The problem: Nothing outside the range is to be copied. From the entries below, reproduce exactly the lines starting at the one with "A Guide Tozycus REST API" and ending at the one with "Hog Fish Long Sleeve Shirt", without pictures.

Records for the exercise:
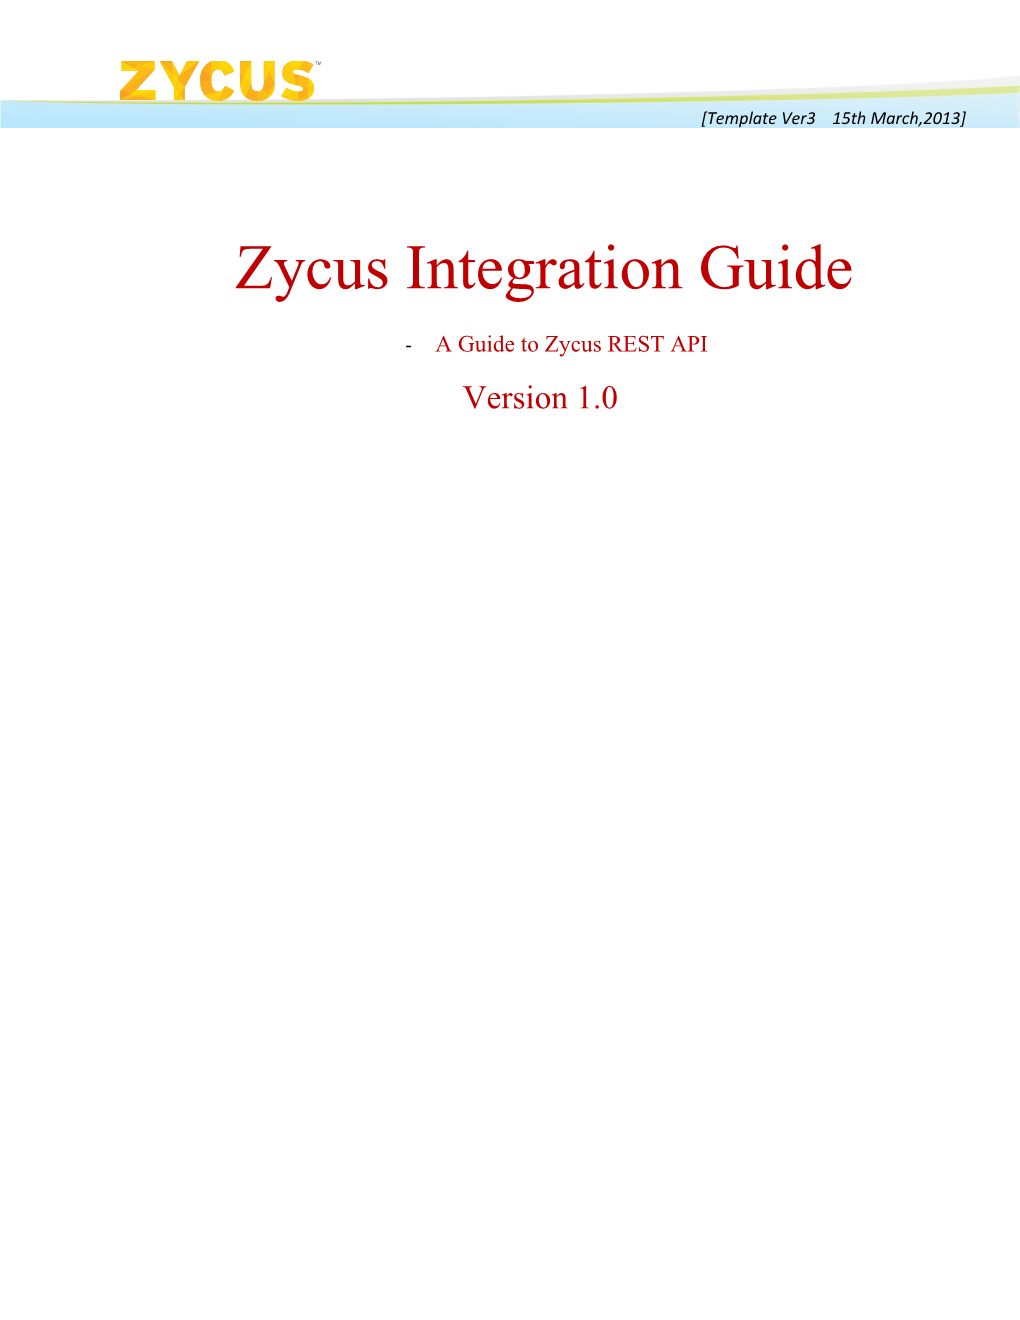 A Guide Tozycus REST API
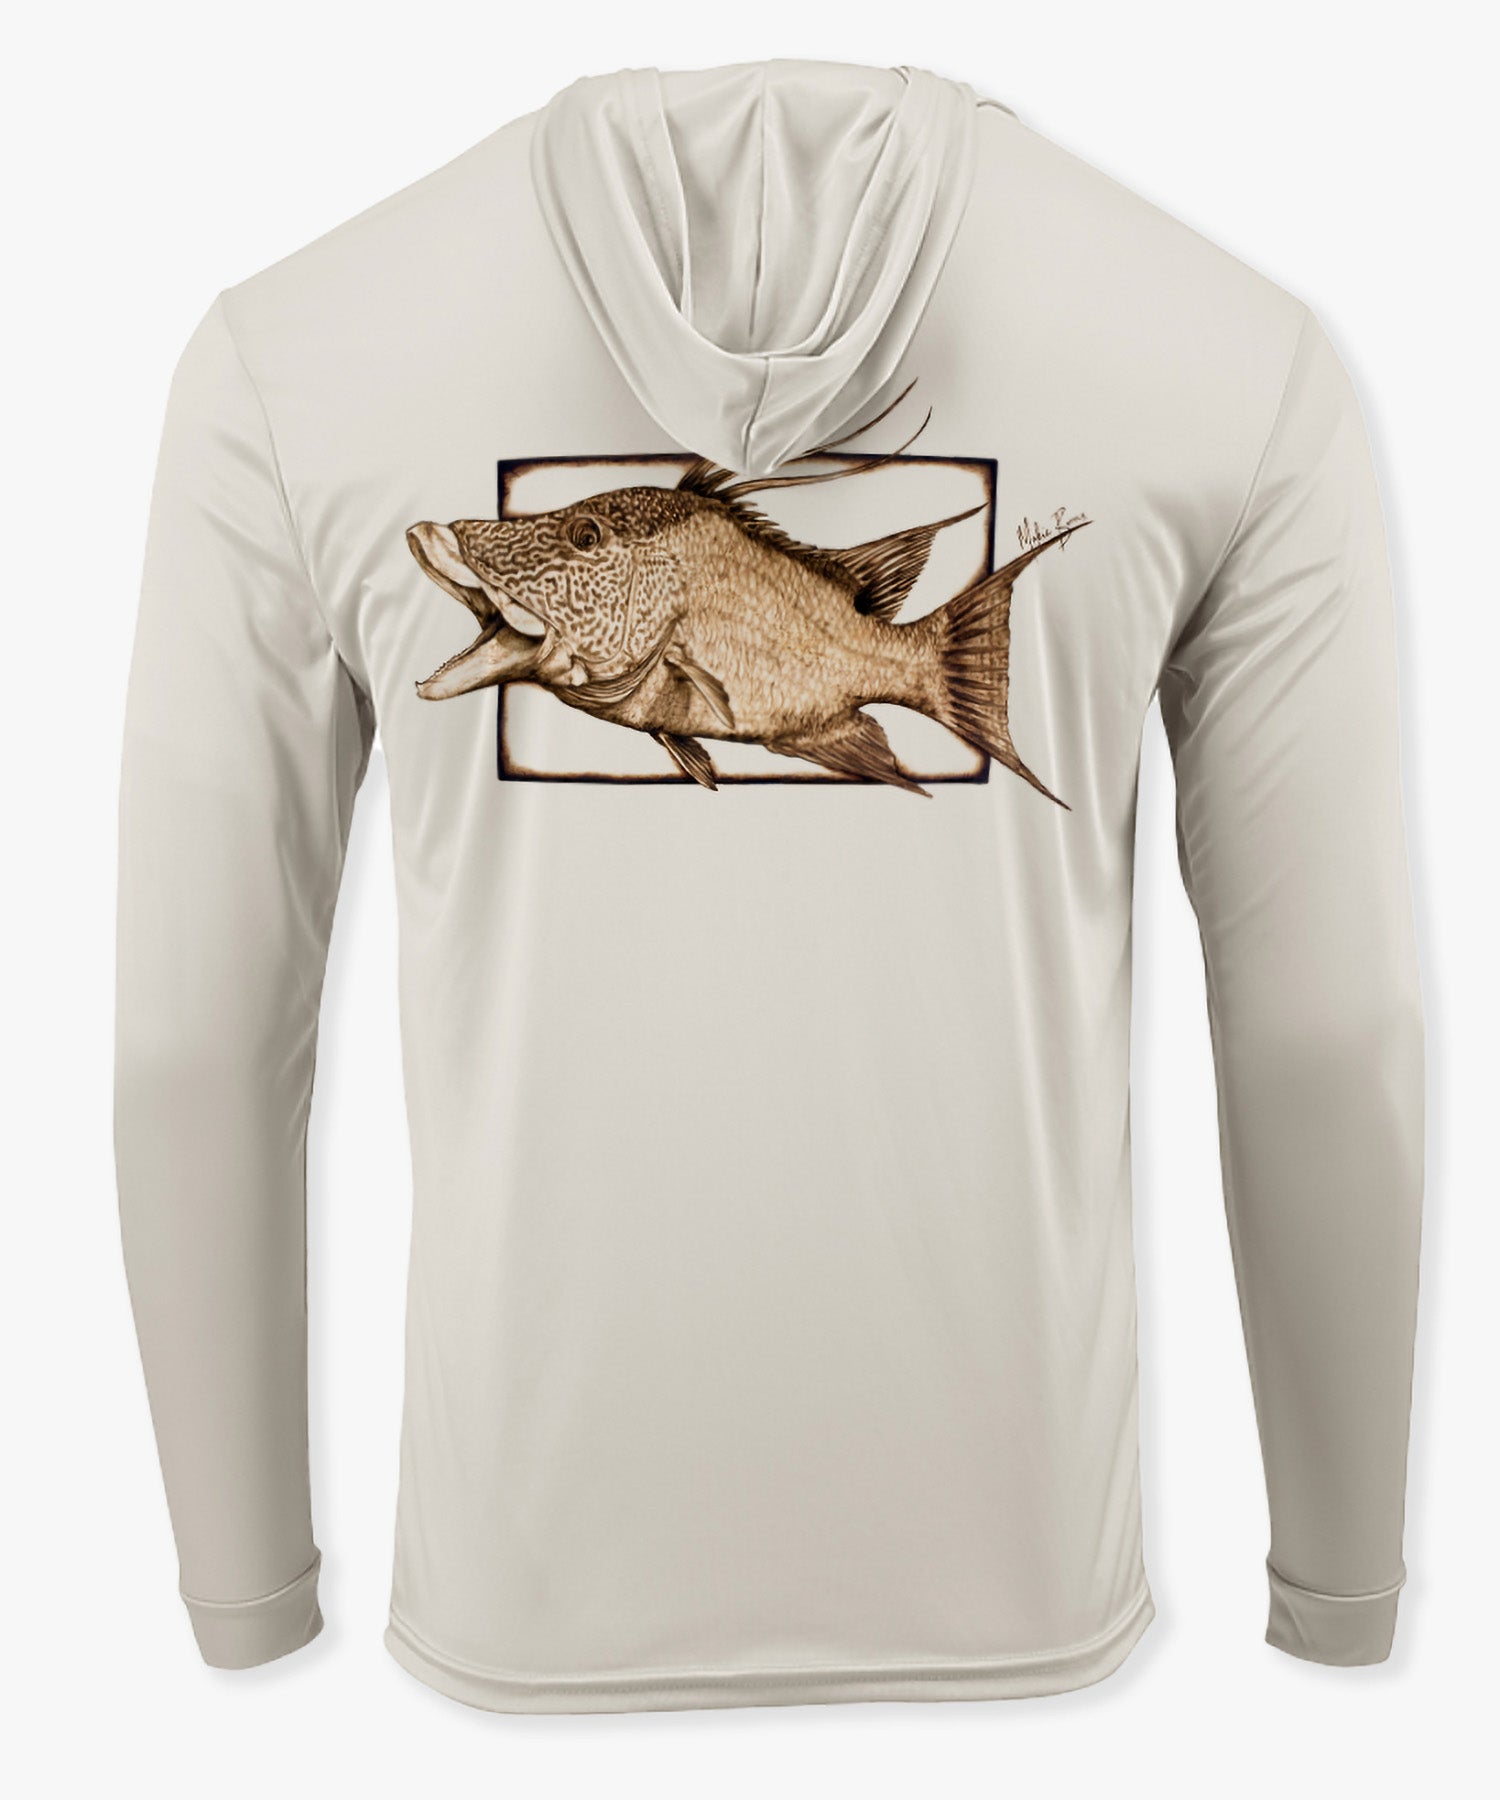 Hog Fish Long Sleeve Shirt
...
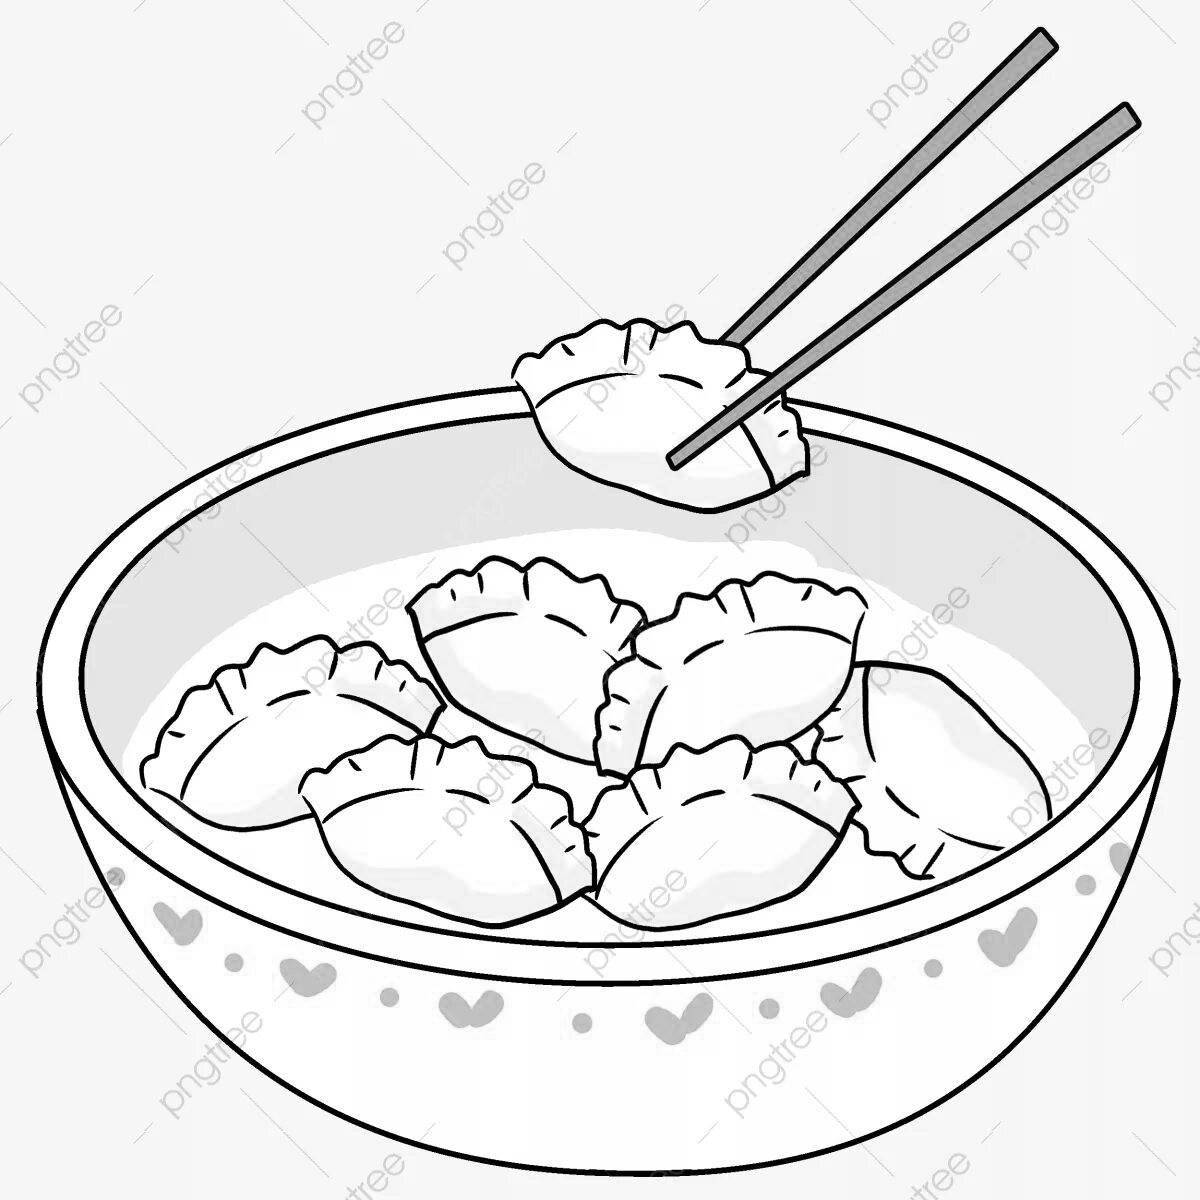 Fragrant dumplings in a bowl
==
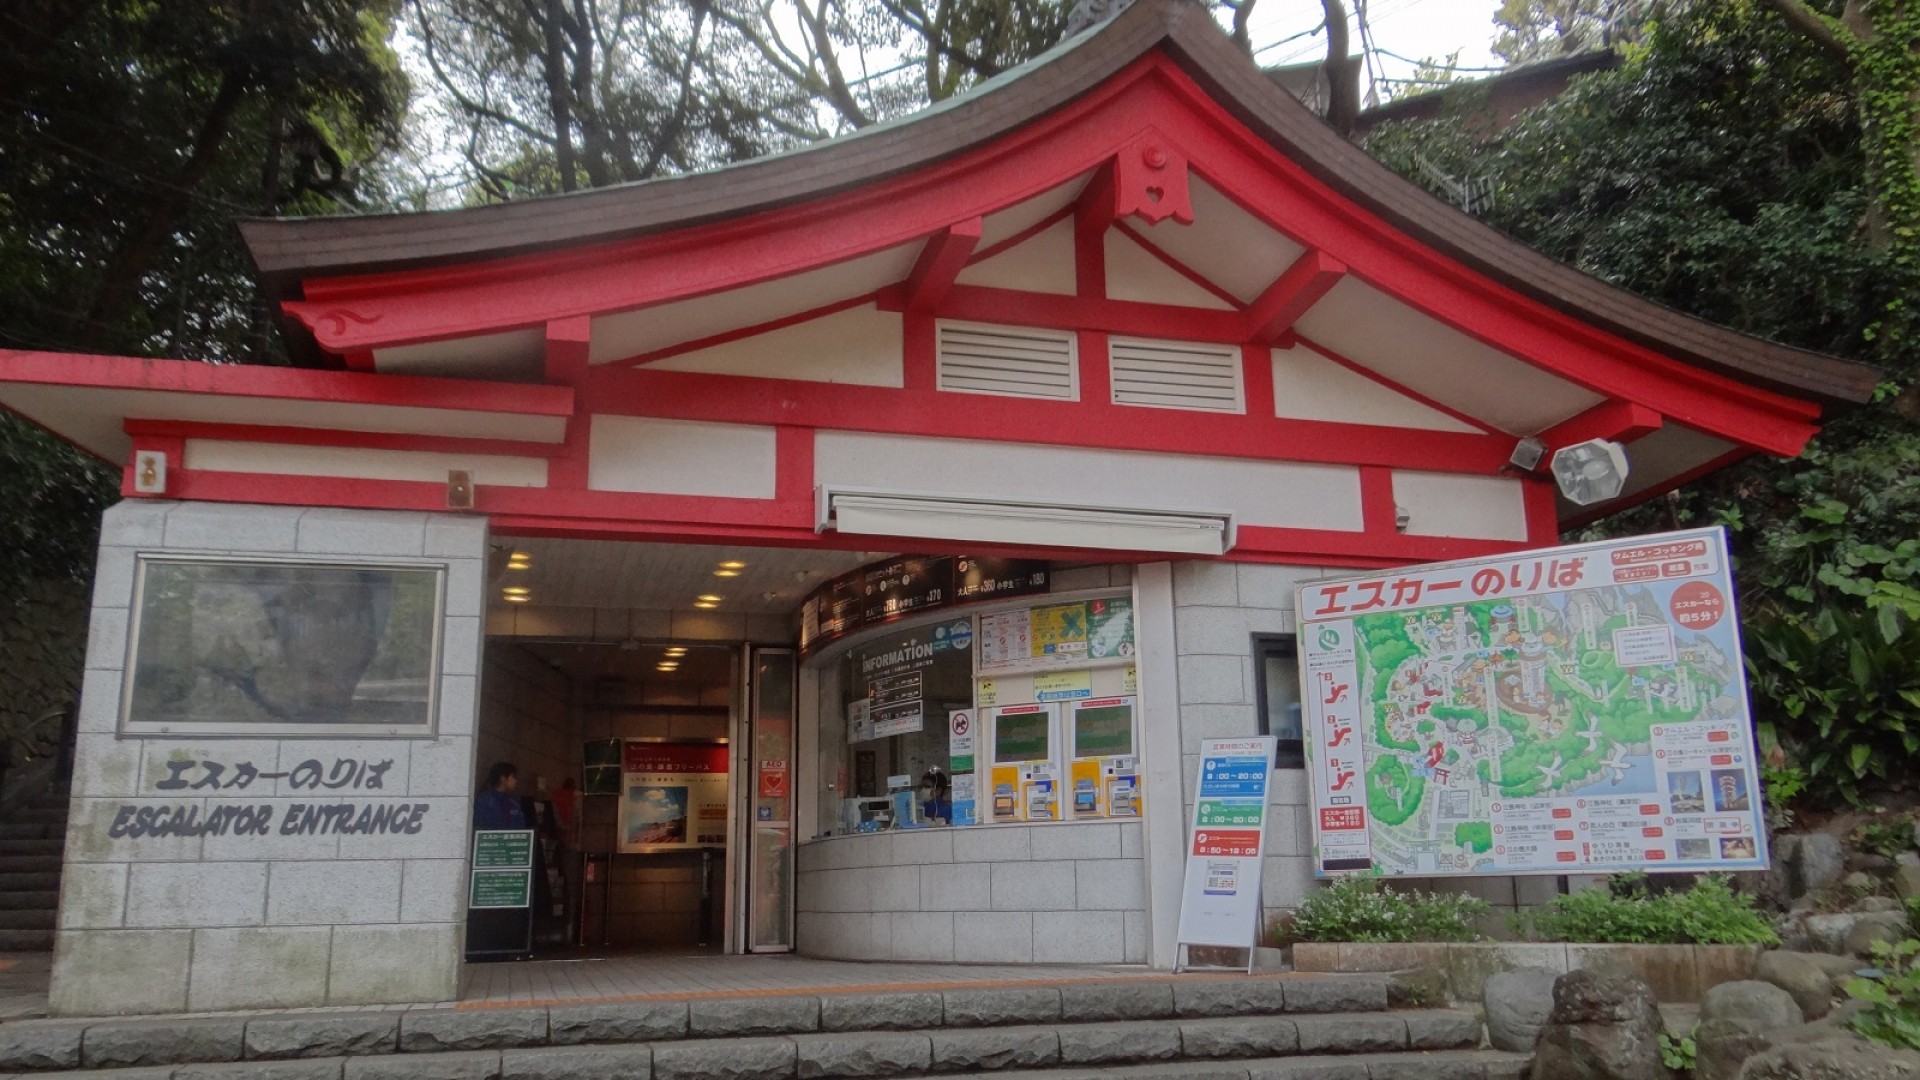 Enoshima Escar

Task answer:
 A Guide Tozycus REST API
 Hog Fish Long Sleeve Shirt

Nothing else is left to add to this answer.